A 5×1 region with a clue of 3 – again, due to black cells not being allowed to be orthogonally adjacent, it has to be B-W-B-W-B.

And here we have a more visual example of an easy starting region, this 3×3 area with a clue of 5. As you can see, there is only one way to fit 5 blackened cells in this region without any of them being horizontally or vertically adjacent.

Also because of that adjacency rule, we know that all of the cells in each of the 4 horizontal and vertical directions around each black cell must be a white square, so we’ll go ahead and fill those in.
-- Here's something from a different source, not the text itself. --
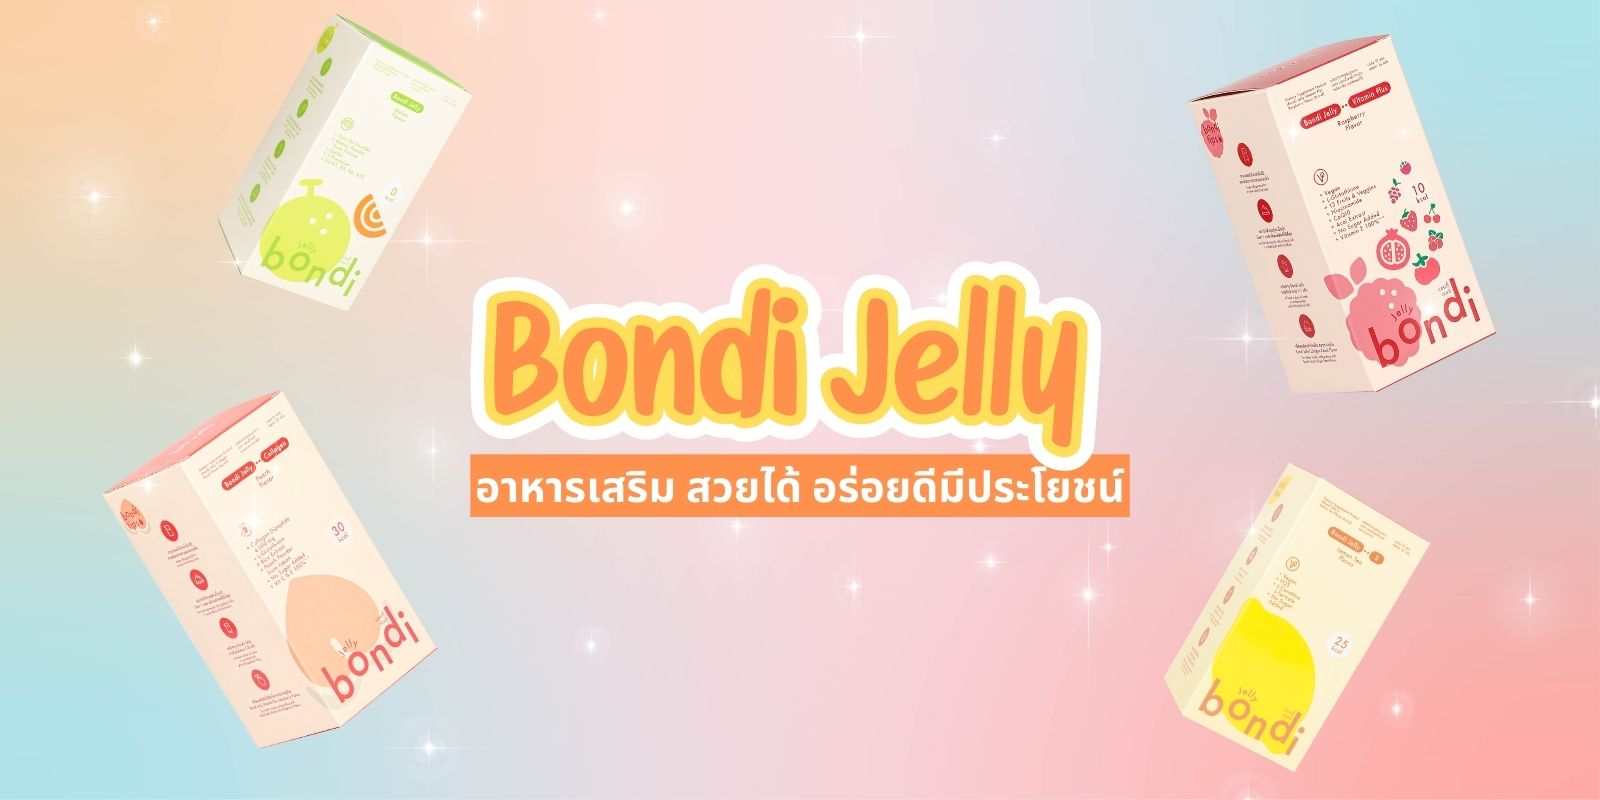 แนะนำ 7 สูตร Bondi Jelly อาหารเสริม สวยได้ อร่อยดีมีประโยชน์

Now, notice these white cells. Because all white cells have to form a single orthogonally contiguous area, none of the spaces the arrows point to can be black. To do so would isolate that white cell from all the others.

Essentially, a white cell cannot be completely surrounded by black cells – it must always have a way out along a horizontal or vertical path. So all three of the spaces being pointed to here must be white.

Next, we’ll look at straight lines, or stripes, of white cells. The rules of Heyawake state that a stripe of white cells may not connect more than 2 regions. That is, they may not cross more than one boundary.

Here you see 5 stripes of white, and the arrows all point to a second boundary line. That means that just across that second boundary, the cell the arrows are pointing at must be black.

Also, even if the green arrow hadn’t been pointing to it, the cell just behind the yellow arrow would still have to be black, because otherwise the white stripe would connect to the region that had a clue of 0.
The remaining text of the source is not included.